Radial velocities for the HIPPARCOS-Gaia Hundred-Thousand-Proper-Motion project^⋆

Research and Scientific Support Department in the Directorate of Science and Robotic Exploration of the European Space Agency, Postbus 299, 2200AG Noordwijk, The Netherlands
e-mail: jdbruijn@rssd.esa.int

Received: 14 March 2012
Accepted: 20 July 2012

Abstract

Context. The Hundred-Thousand-Proper-Motion (HTPM) project will determine the proper motions of ~113   500 stars using a ~23-year baseline. The proper motions will be based on space-based measurements exclusively, with the Hipparcos data, with epoch 1991.25, as first epoch and with the first intermediate-release Gaia astrometry, with epoch ~2014.5, as second epoch. The expected HTPM proper-motion standard errors are 30−190 μas yr^-1, depending on stellar magnitude.

Aims. Depending on the astrometric characteristics of an object, in particular its distance and velocity, its radial velocity can have a significant impact on the determination of its proper motion. The impact of this perspective acceleration is largest for fast-moving, nearby stars. Our goal is to determine, for each star in the Hipparcos catalogue, the radial-velocity standard error that is required to guarantee a negligible contribution of perspective acceleration to the HTPM proper-motion precision.
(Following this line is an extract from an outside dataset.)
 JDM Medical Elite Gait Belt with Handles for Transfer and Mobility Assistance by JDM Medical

Methods. We employ two evaluation criteria, both based on Monte-Carlo simulations, with which we determine which stars need to be spectroscopically (re-)measured. Both criteria take the Hipparcos measurement errors into account. The first criterion, the Gaussian criterion, is applicable to nearby stars. For distant stars, this criterion works but returns overly pessimistic results. We therefore use a second criterion, the robust criterion, which is equivalent to the Gaussian criterion for nearby stars but avoids biases for distant stars and/or objects without literature radial velocity. The robust criterion is hence our prefered choice for all stars, regardless of distance.

Results. For each star in the Hipparcos catalogue, we determine the confidence level with which the available radial velocity and its standard error, taken from the XHIP compilation catalogue, are acceptable. We find that for 97 stars, the radial velocities available in the literature are insufficiently precise for a 68.27% confidence level. If requiring this level to be 95.45%, or even 99.73%, the number of stars increases to 247 or 382, respectively. We also identify 109 stars for which radial velocities are currently unknown yet need to be acquired to meet the 68.27% confidence level. For higher confidence levels (95.45% or 99.73%), the number of such stars increases to 1071 or 6180, respectively.
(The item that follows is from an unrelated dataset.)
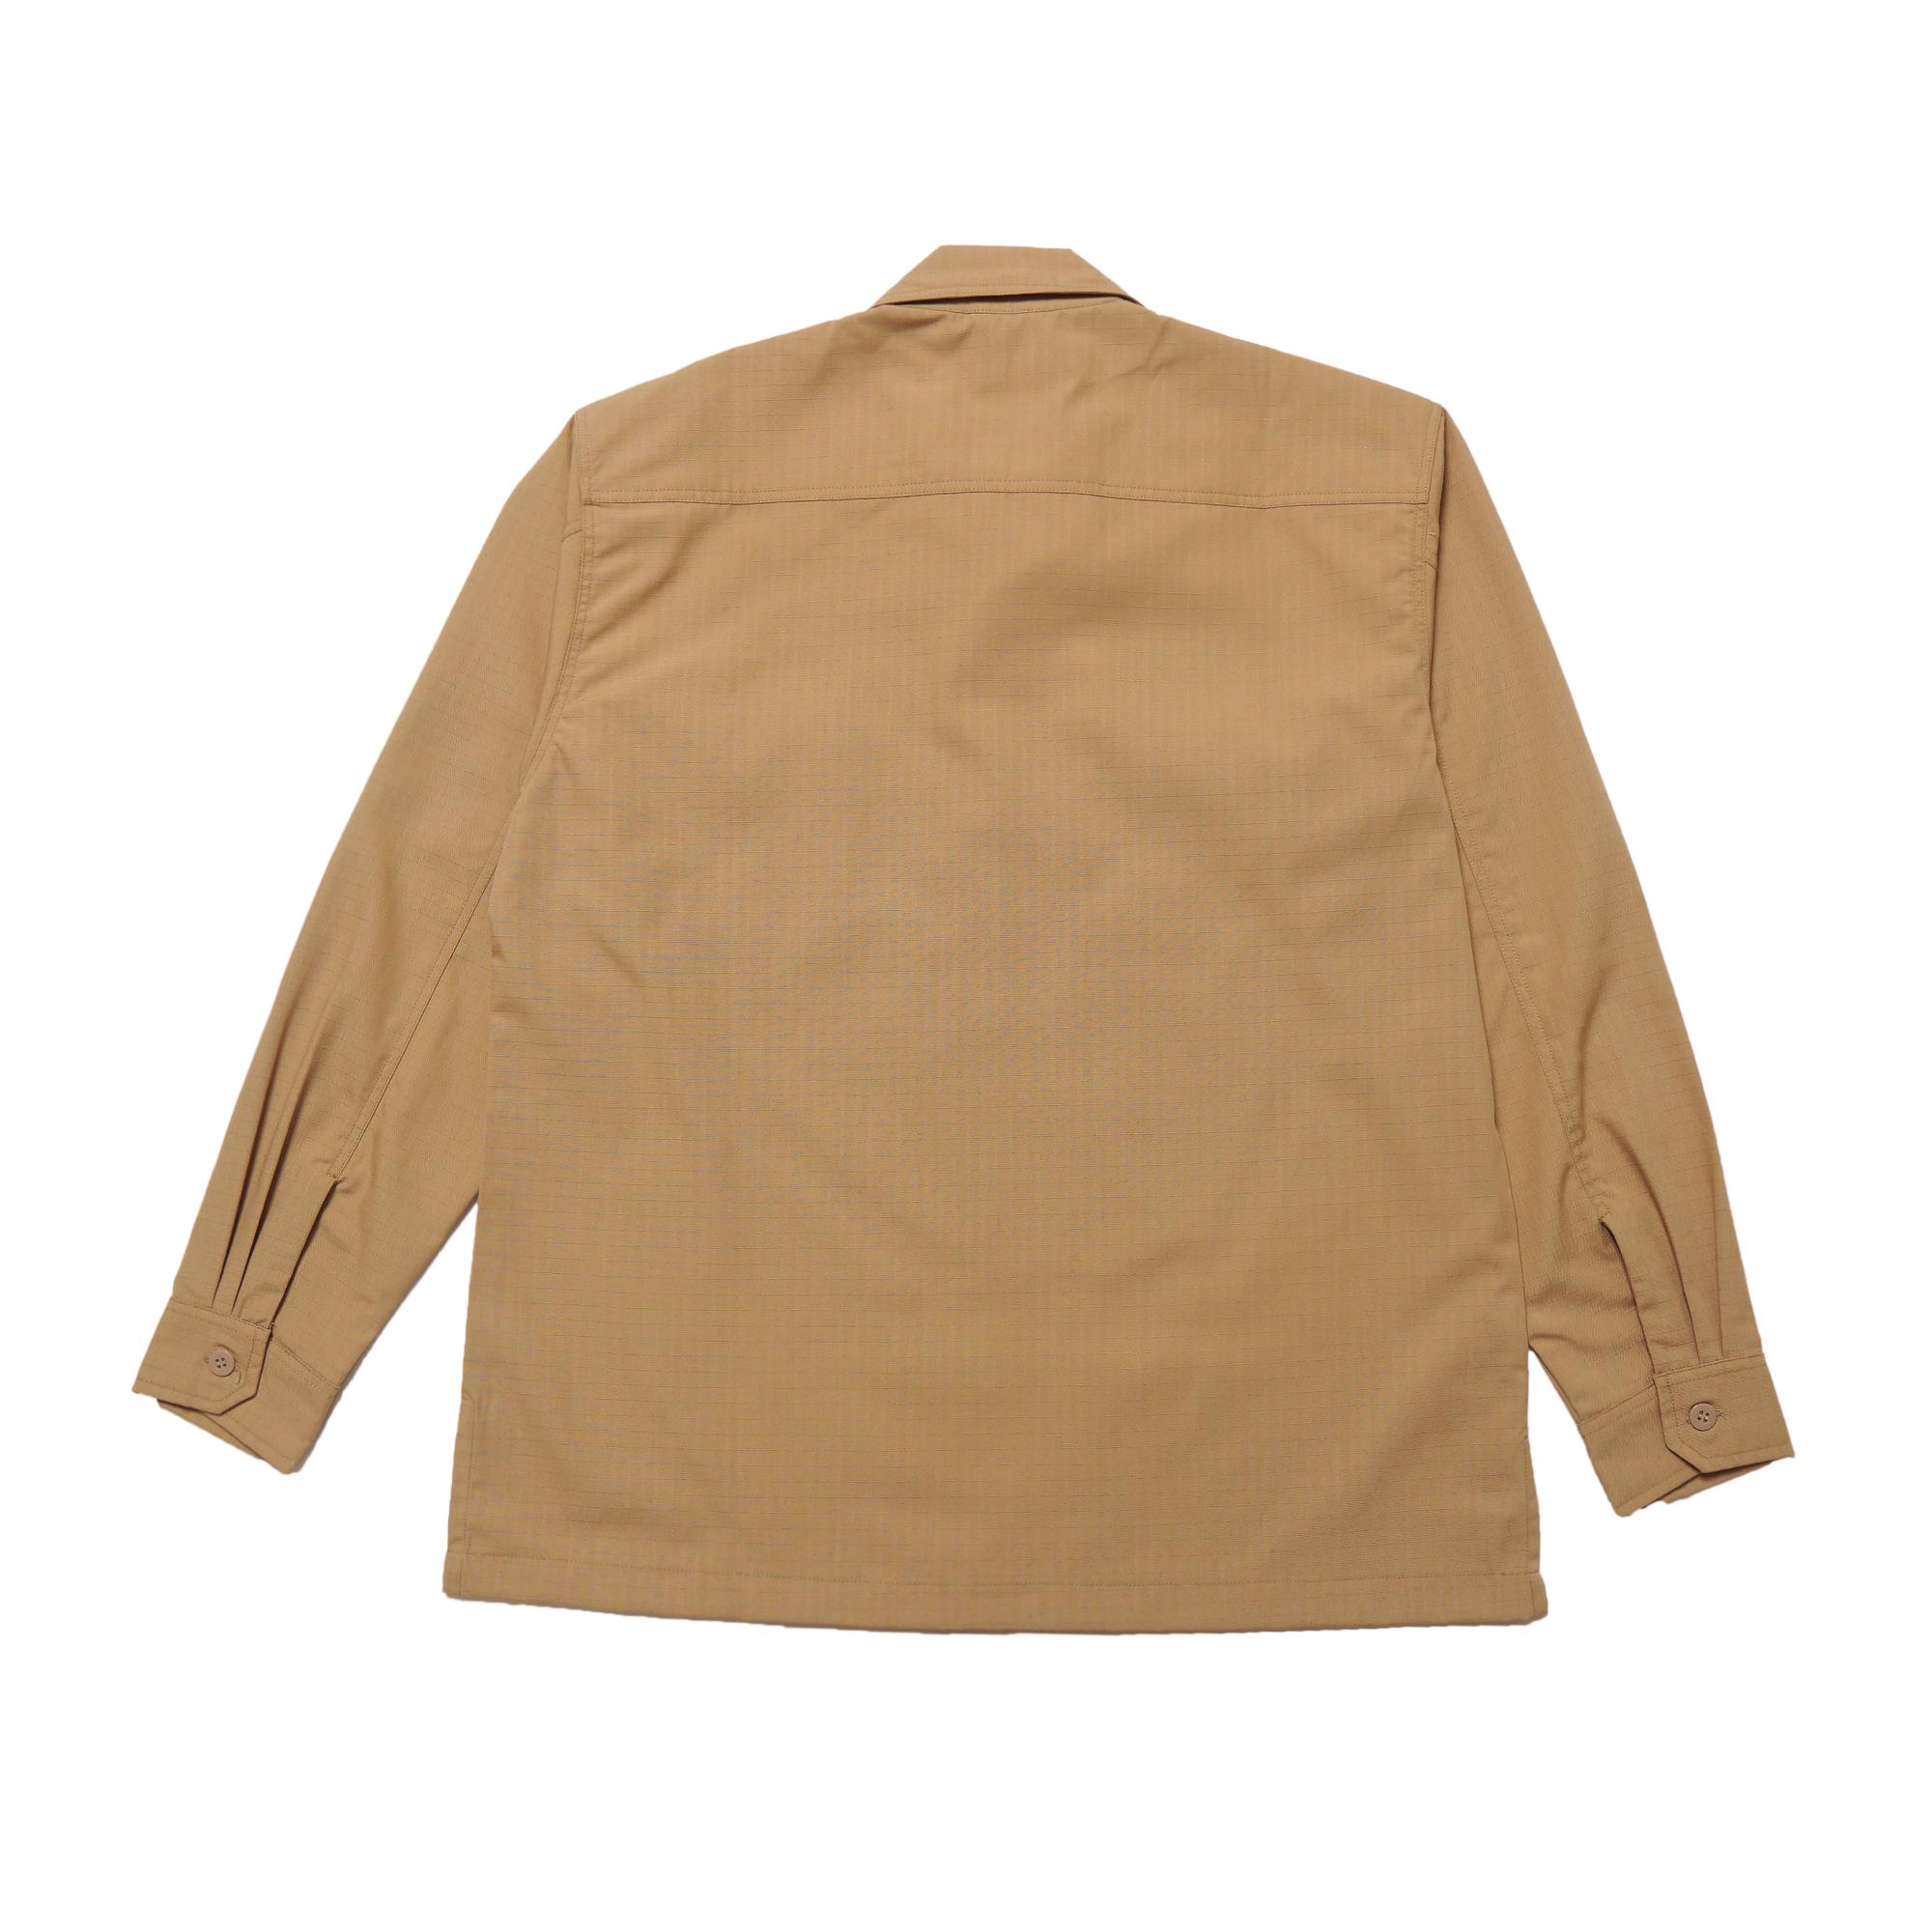 lawless-shirt-khaki-belakang

Conclusions. To satisfy the radial-velocity requirements coming from our study will be a daunting task consuming a significant amount of spectroscopic telescope time. The required radial-velocity measurement precisions vary from source to source. Typically, they are modest, below 25 km s^-1, but they can be as stringent as 0.04 km s^-1 for individual objects like Barnard’s star. Fortunately, the follow-up spectroscopy is not time-critical since the HTPM proper motions can be corrected a posteriori once (improved) radial velocities become available.